-- Provided information follows --

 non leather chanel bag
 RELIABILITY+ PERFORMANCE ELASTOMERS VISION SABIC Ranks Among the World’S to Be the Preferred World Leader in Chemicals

-- Provided information concluded --
-- Provided information follows --

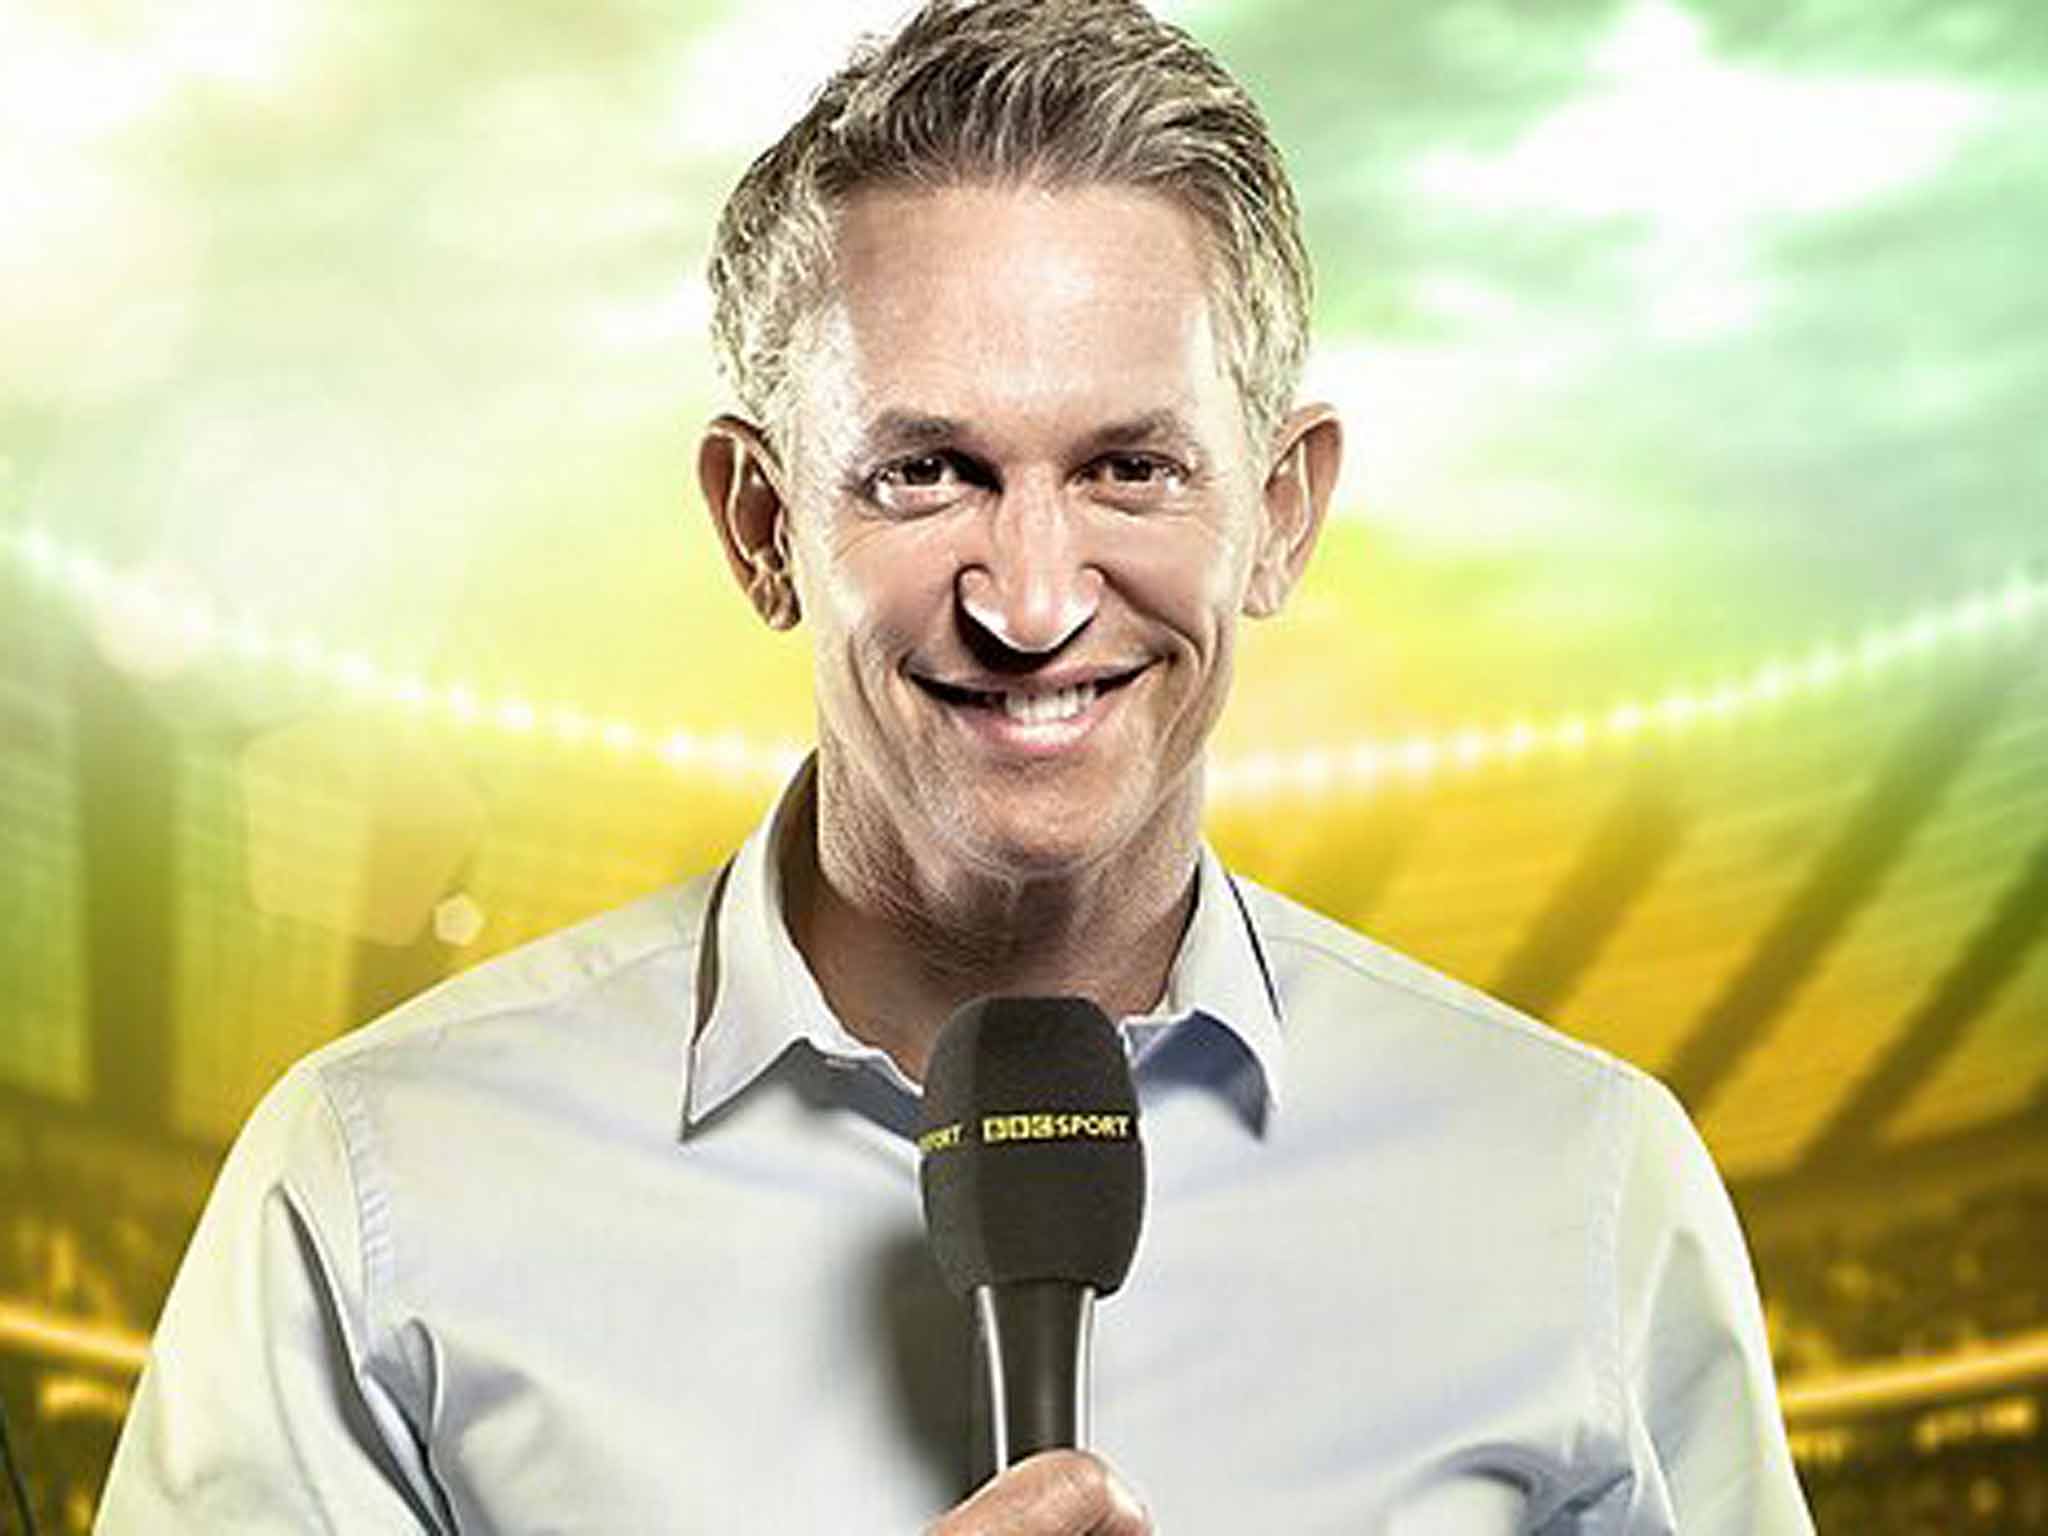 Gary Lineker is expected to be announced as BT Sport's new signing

-- Provided information concluded --

Description of the task — Above are the records; copy exactly the lines from the line with "non leather chanel bag" through the line with "RELIABILITY+ PERFORMANCE ELASTOMERS", both included.

Answer section —
 non leather chanel bag
 RELIABILITY+ PERFORMANCE ELASTOMERS VISION SABIC Ranks Among the World’S to Be the Preferred World Leader in Chemicals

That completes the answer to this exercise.